What to do - Your output should be the complete listing, word for word, with no pictures in it.

Given information -
_ _ _
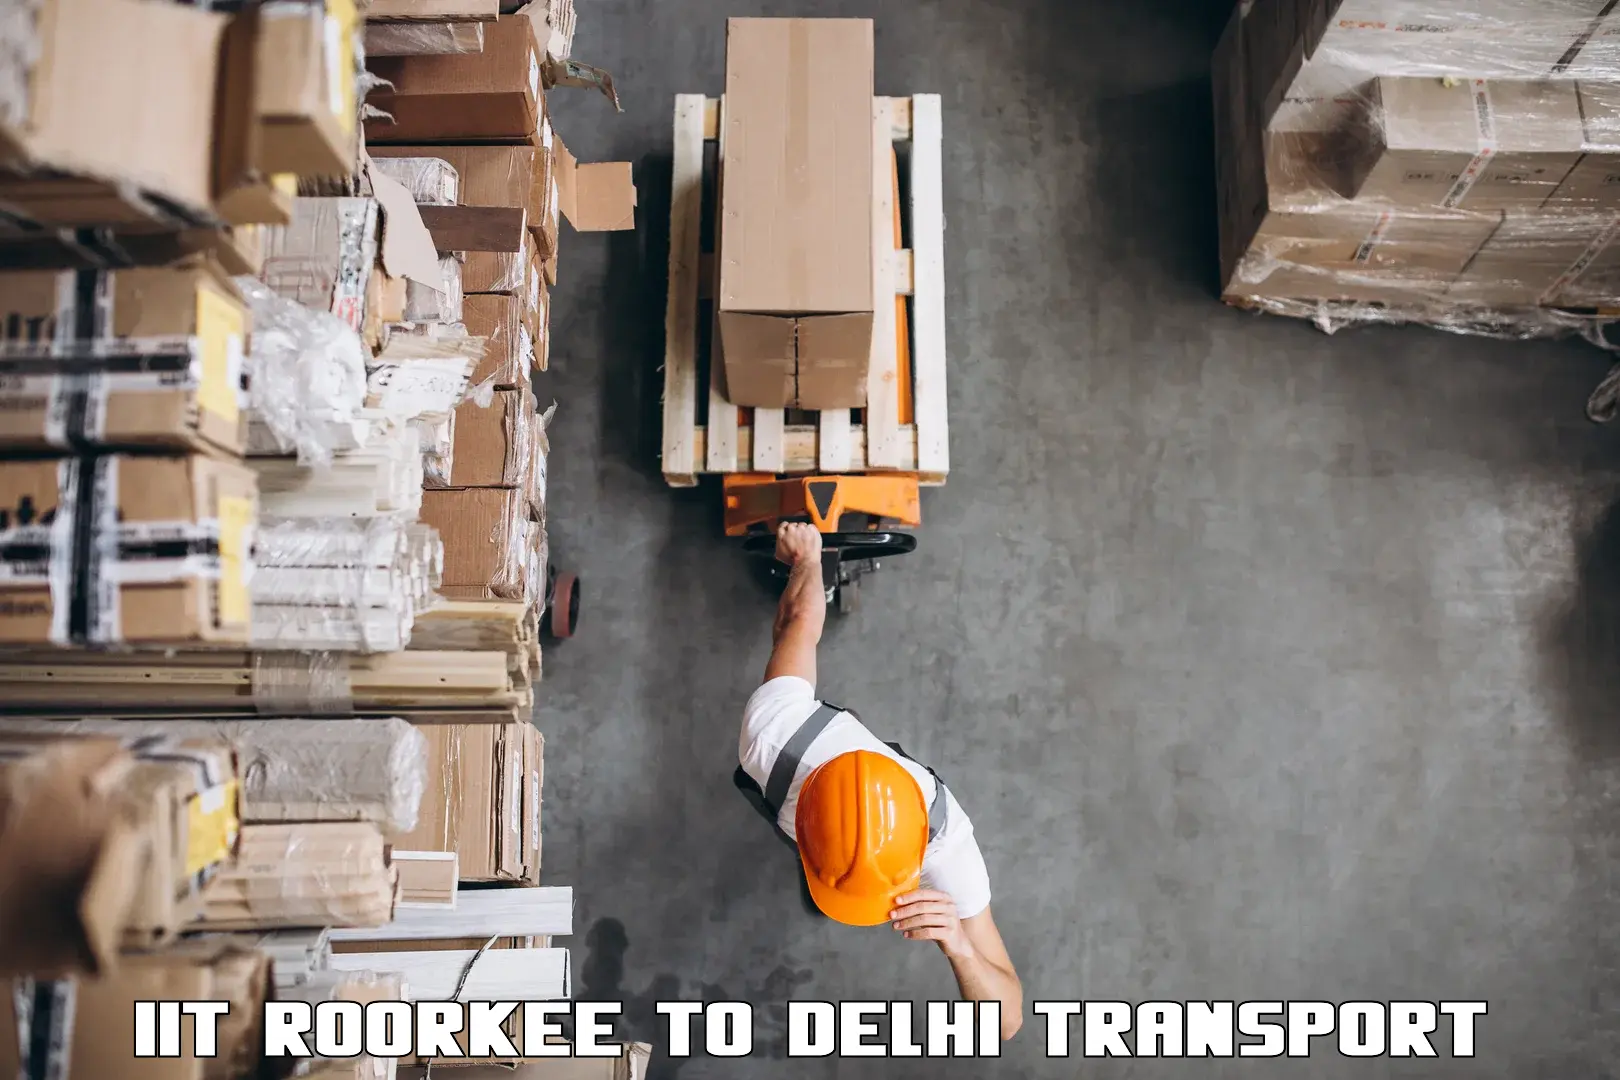 Commercial transport service IIT Roorkee to Delhi
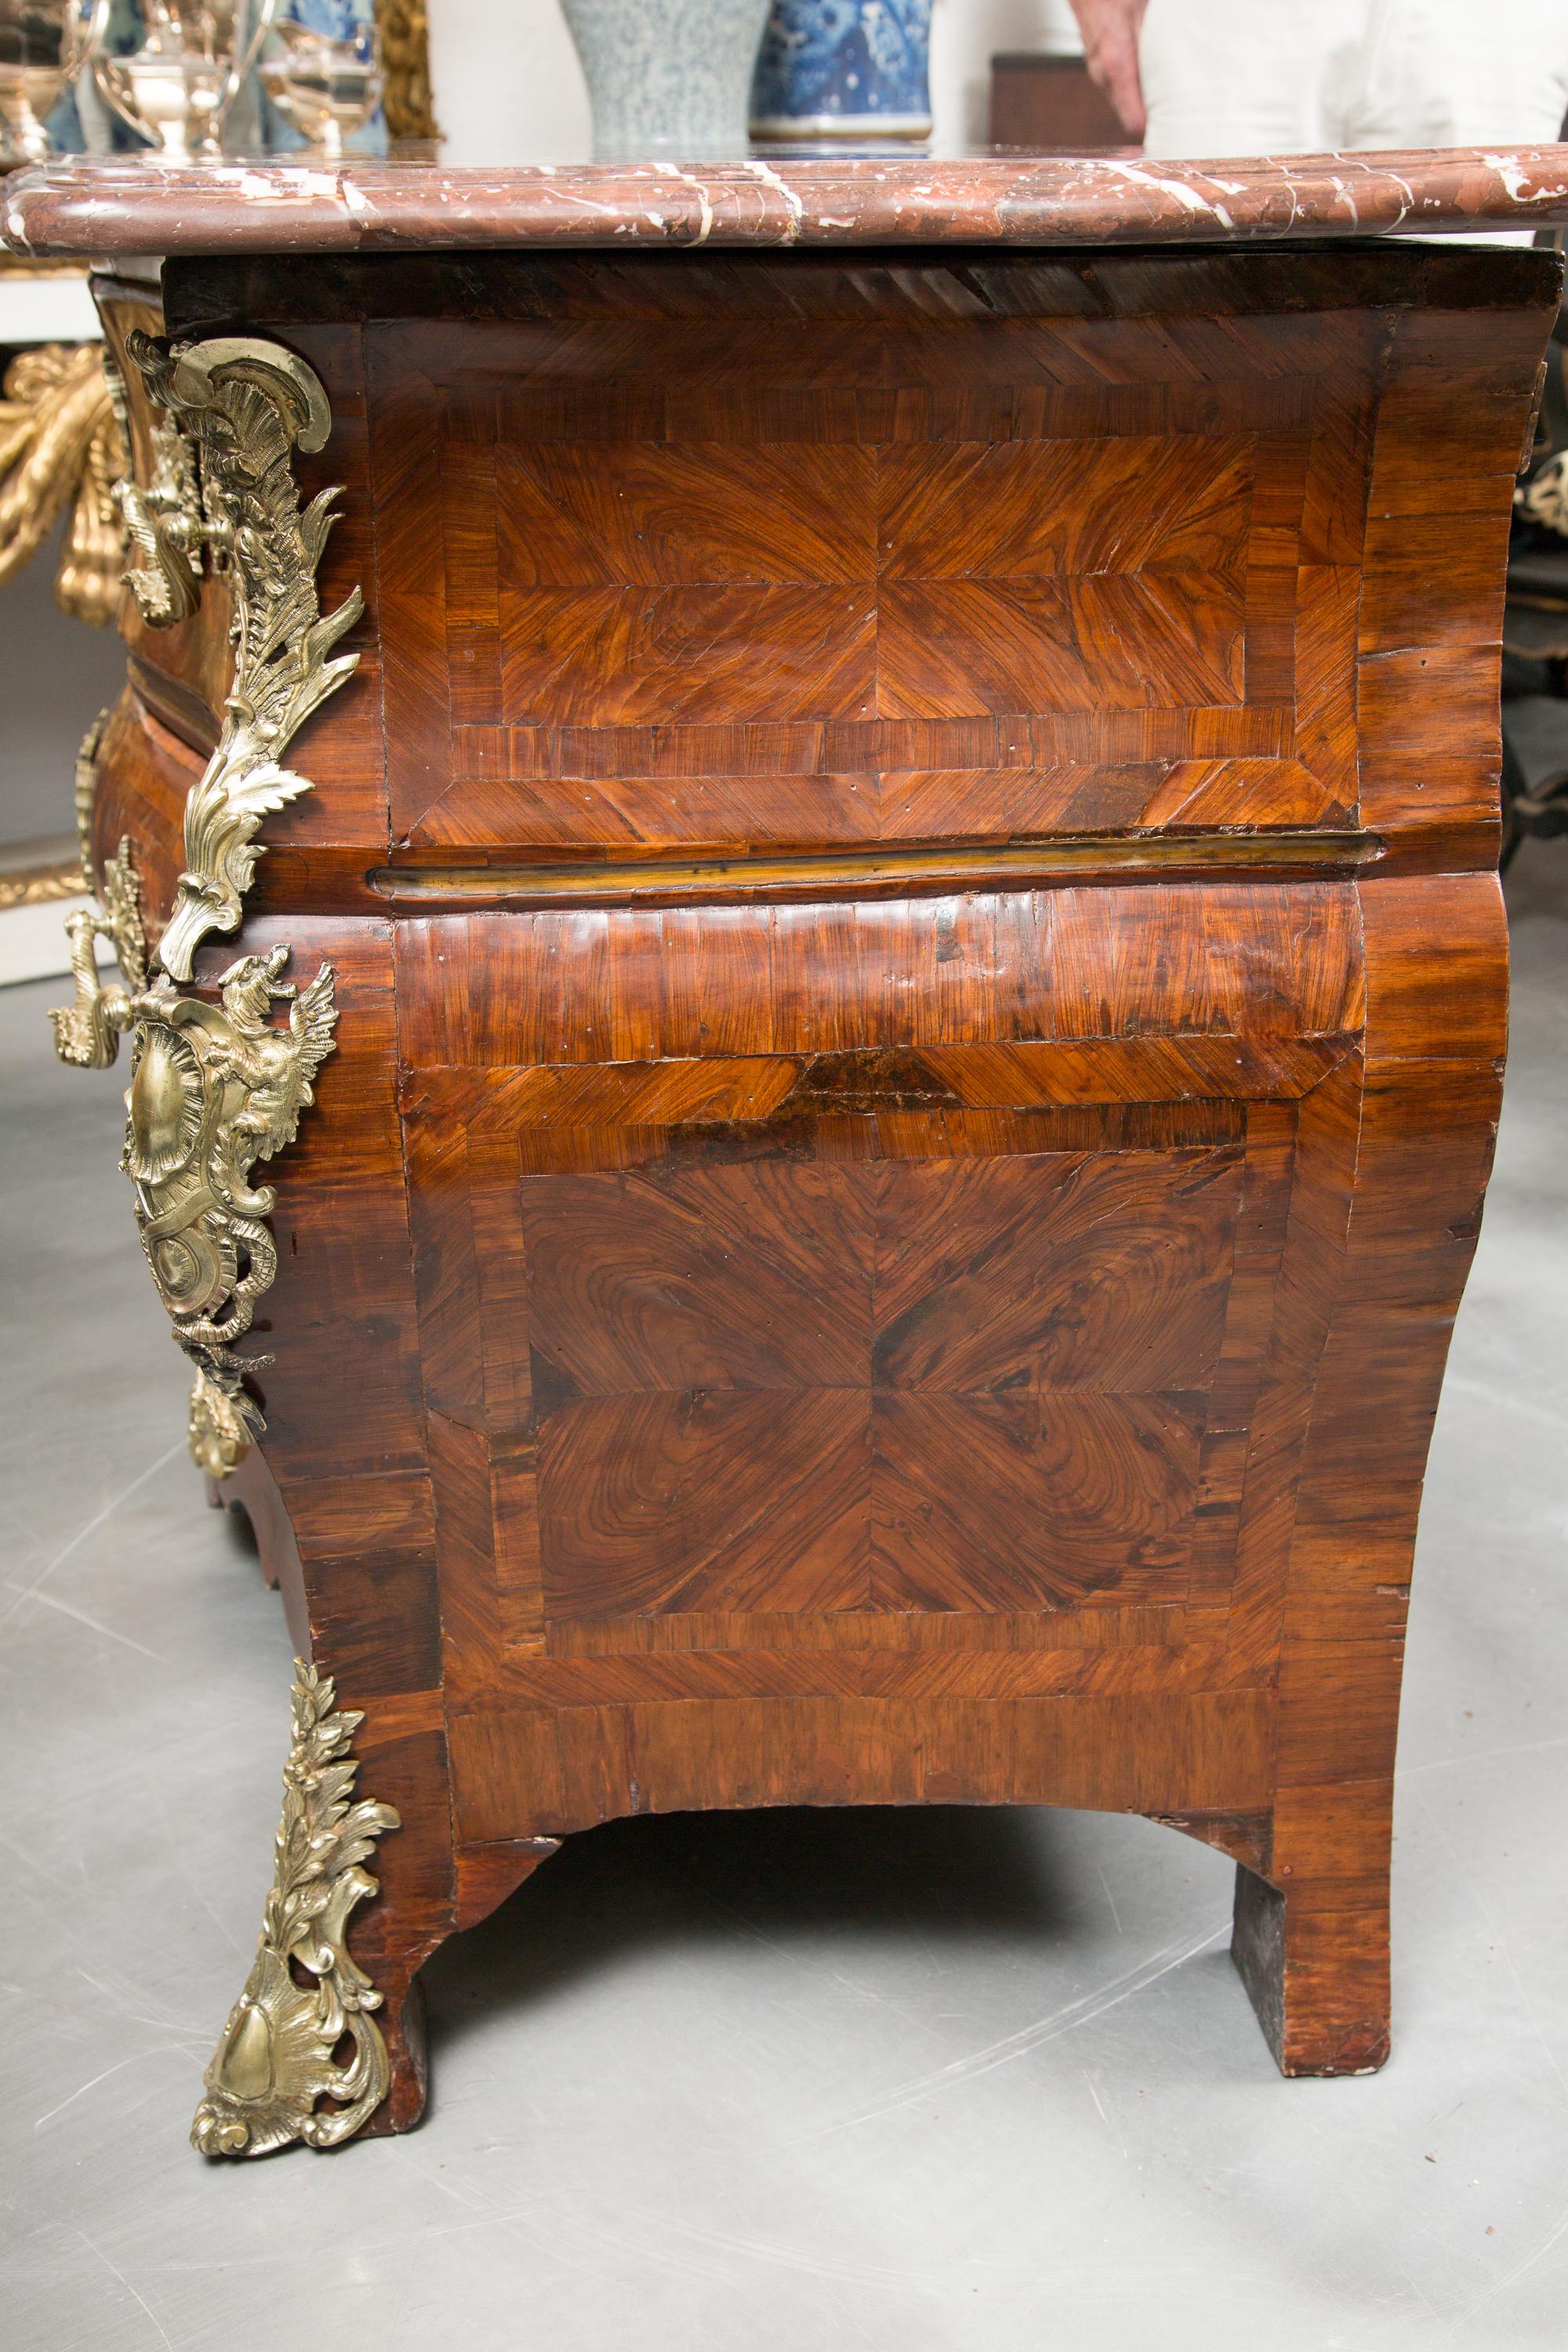 Dies ist eine beeindruckende Kommode aus Tulipwood und Kingwood des 18. Jahrhunderts mit einer Platte aus rougefarbenem, panaschiertem Marmor über drei langen, abgestuften Schubladen und insgesamt mit verzierten Metallbeschlägen aus vergoldeter
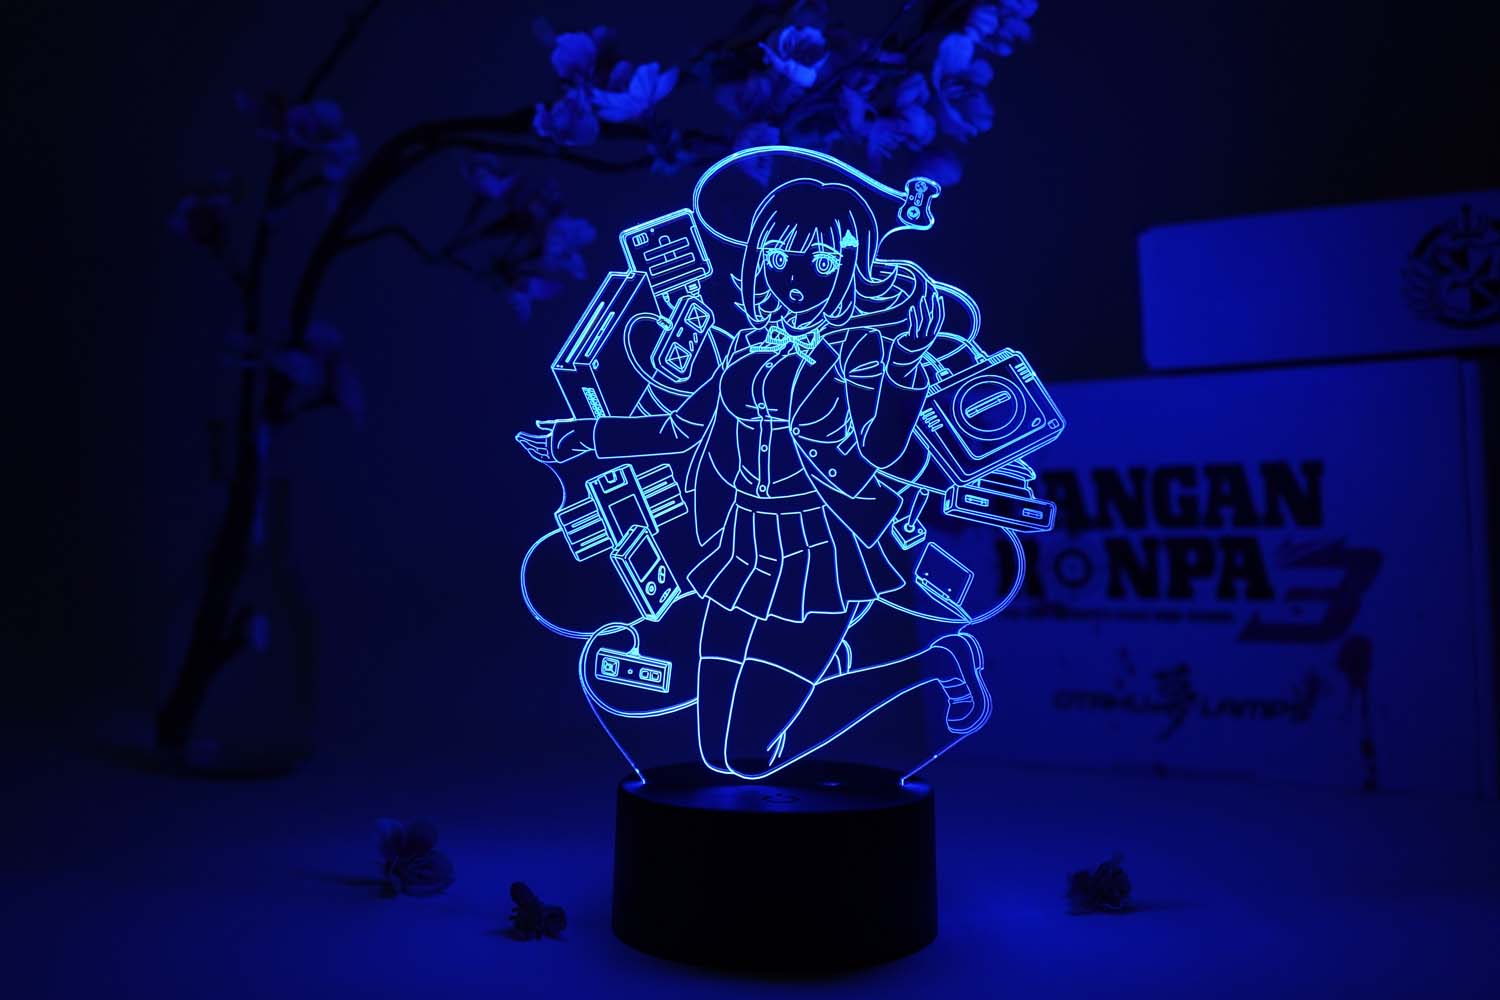 Chiaki Nanami Otaku Lamp (Danganronpa 3)
_ _ _
Solution to this task -
 Commercial transport service IIT Roorkee to Delhi
 Dies ist eine beeindruckende Kommode aus Tulipwood und Kingwood des 18. Jahrhunderts mit einer Platte aus rougefarbenem, panaschiertem Marmor über drei langen, abgestuften Schubladen und insgesamt mit verzierten Metallbeschlägen aus vergoldeter
 Chiaki Nanami Otaku Lamp (Danganronpa 3)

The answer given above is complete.